The Norman Transcript

Features

March 17, 2010

CPR for kids: The new way

Norman — Since 2008, the American Heart Assn. has recommended a “hands only” approach to CPR, emphasizing the importance of performing rapid chest compressions on victims of sudden cardiac arrest.

The group decided to nix the mouth-to-mouth portion of cardiopulmonary resuscitation in part because studies show that it doesn’t improve overall survival, and in part to increase the odds that a bystander would perform any kind of CPR at all.

But a new study finds that the old-fashioned version of CPR is more effective at resuscitating children in cardiac arrest.

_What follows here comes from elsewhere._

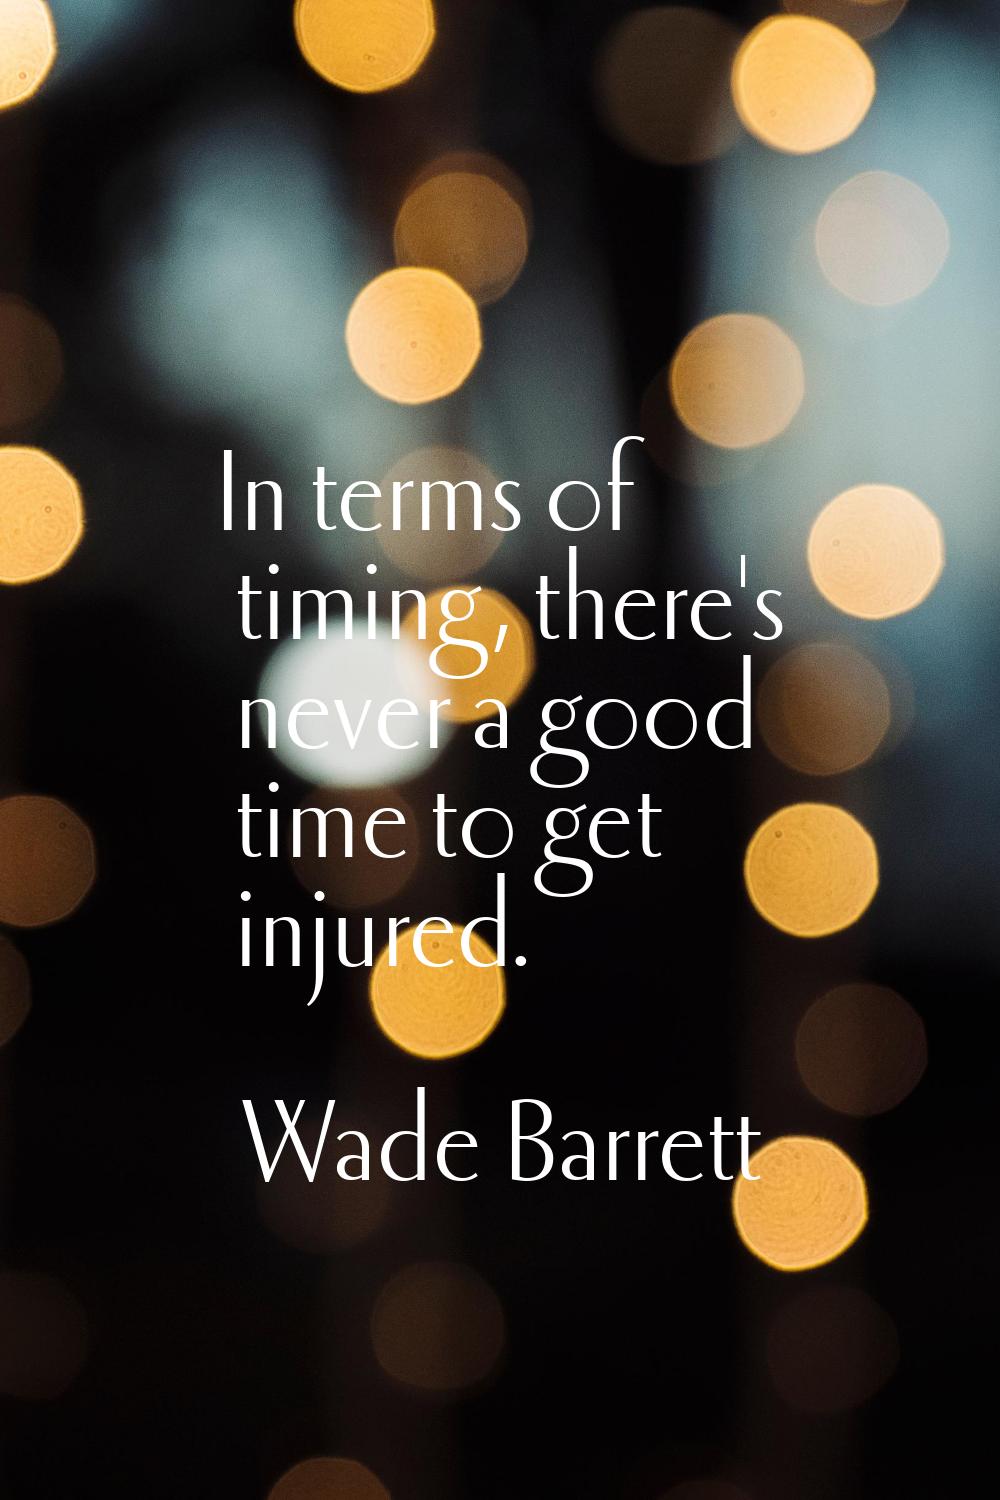 In terms of timing, there's never a good time to get injured.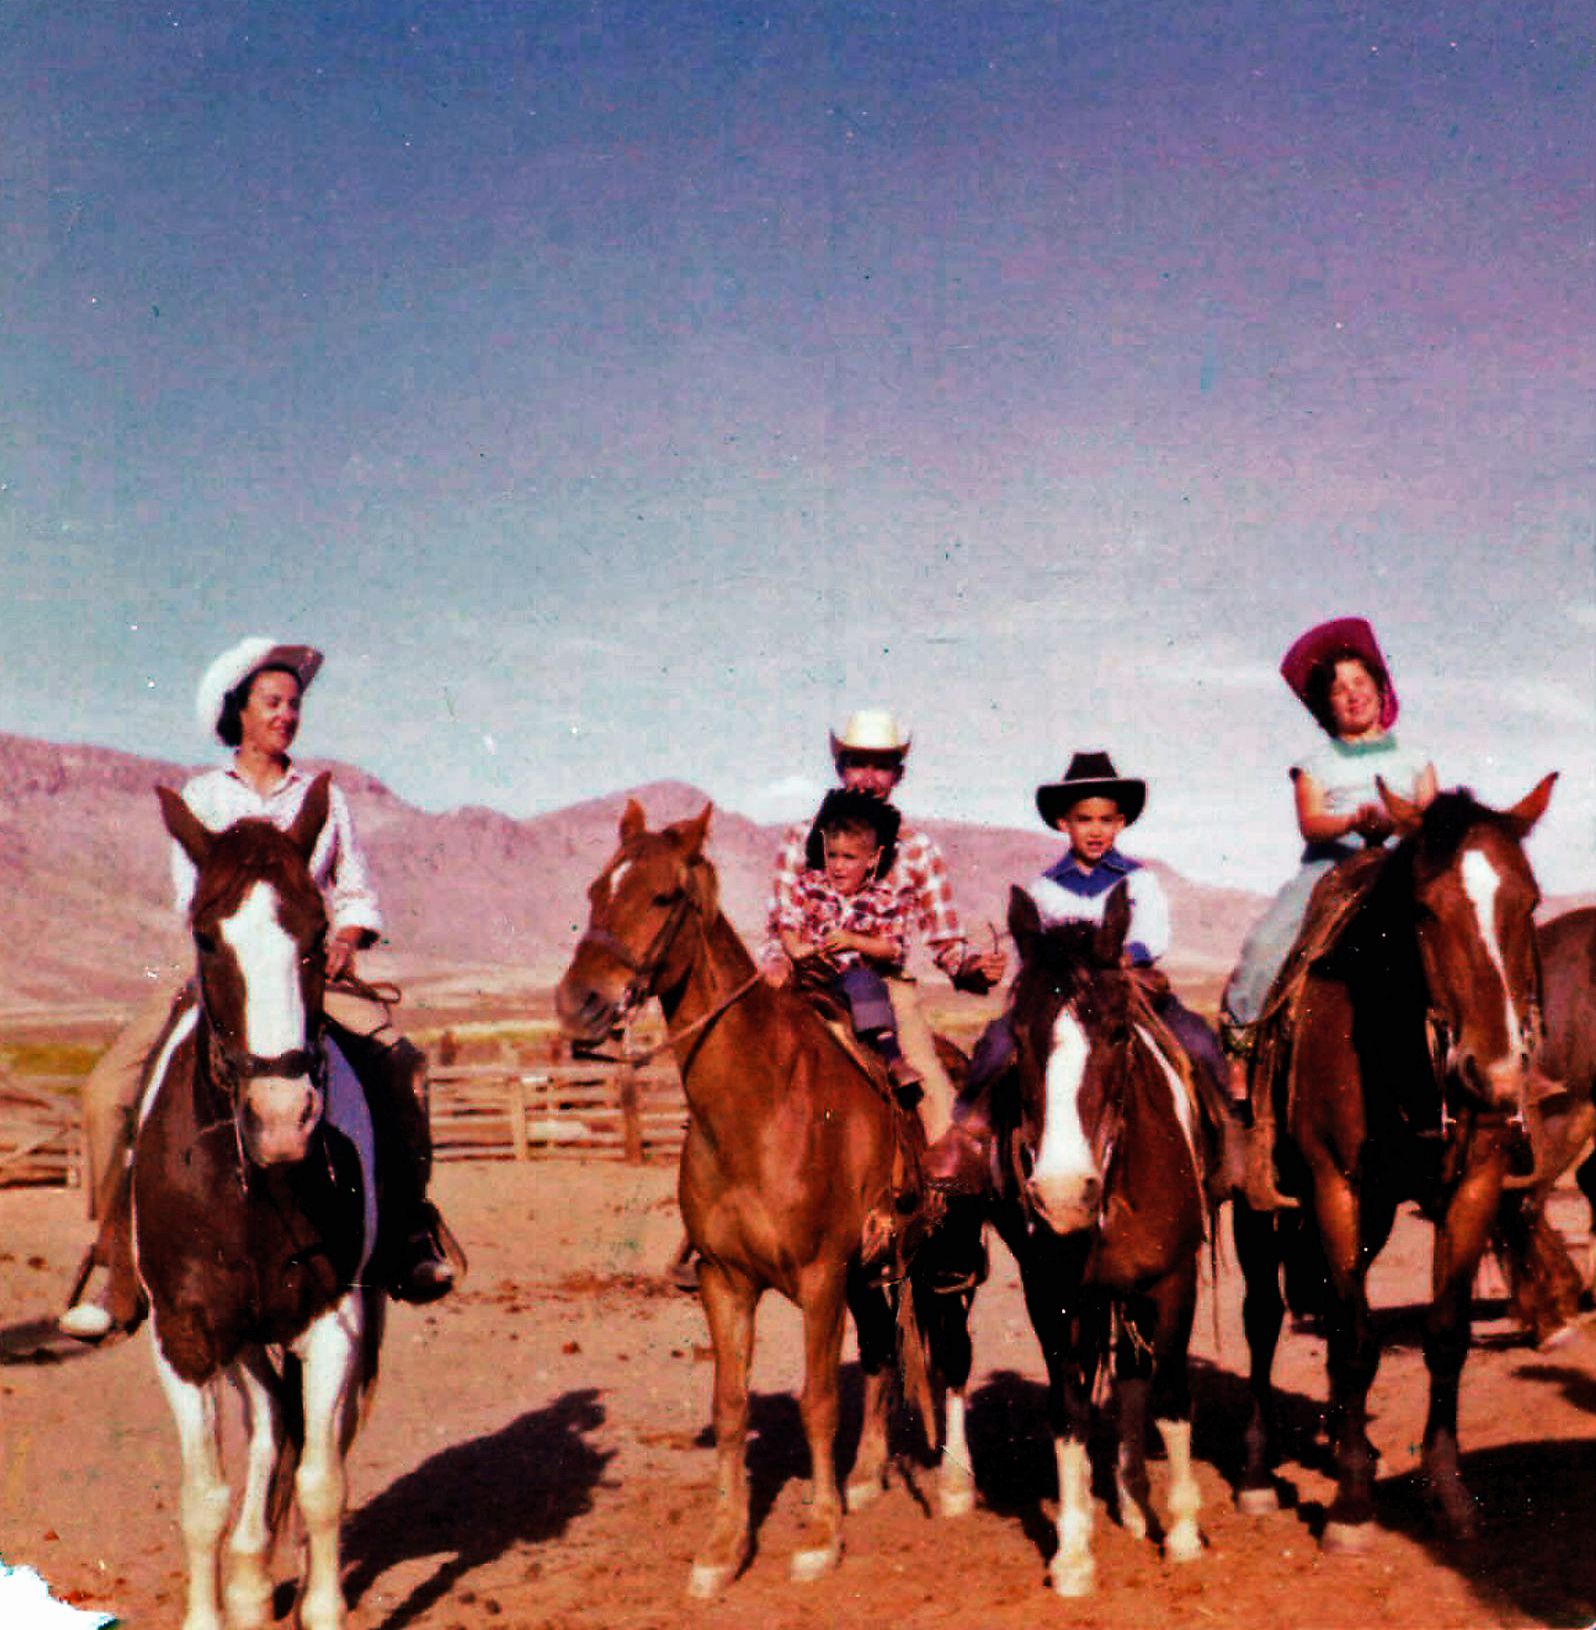 David Strip (center with a blue bandanna) with (left to right) his mother, father, brother Michael, and sister Lynn in 1957, on a family vacation to a dude ranch in Demming, New Mexico.

Japanese researchers examined the medical records of 5,170 minors (ages 17 and younger) who were treated by emergency medical personnel for an out-of-hospital cardiac arrest in the years 2005, 2006 and 2007. Unfortunately, only 9 percent of those children survived, and even fewer — 3 percent — had a “favorable neurological outcome.” But the ones who got CPR from a bystander stood a much better chance of preserving their neurological function than those who didn’t — 4.5 percent vs. 1.9 percent, according to a report being published online Wednesday by the journal Lancet.

The researchers also found that conventional CPR was more likely to result in a “favorable neurological outcome” than compression-only CPR. In their analysis, 7.2 percent of children given chest compressions and mouth-to-mouth had a good outcome, compared with 1.6 percent of kids who got compressions only.

In a commentary accompanying the study, Spanish researchers say the reason is probably that most cases of sudden cardiac arrest in children — 71 percent in the Japanese study and more than 90 percent in other studies — are probably caused by non-cardiac events. (Only about a third of cases in adults are thought to have non-cardiac origins.) In such cases, mouth-to-mouth resuscitation is helpful. When cardiac arrest has a cardiac cause, either type of CPR works equally well.

They conclude that bystanders should continue to provide traditional CPR to children in cardiac arrest.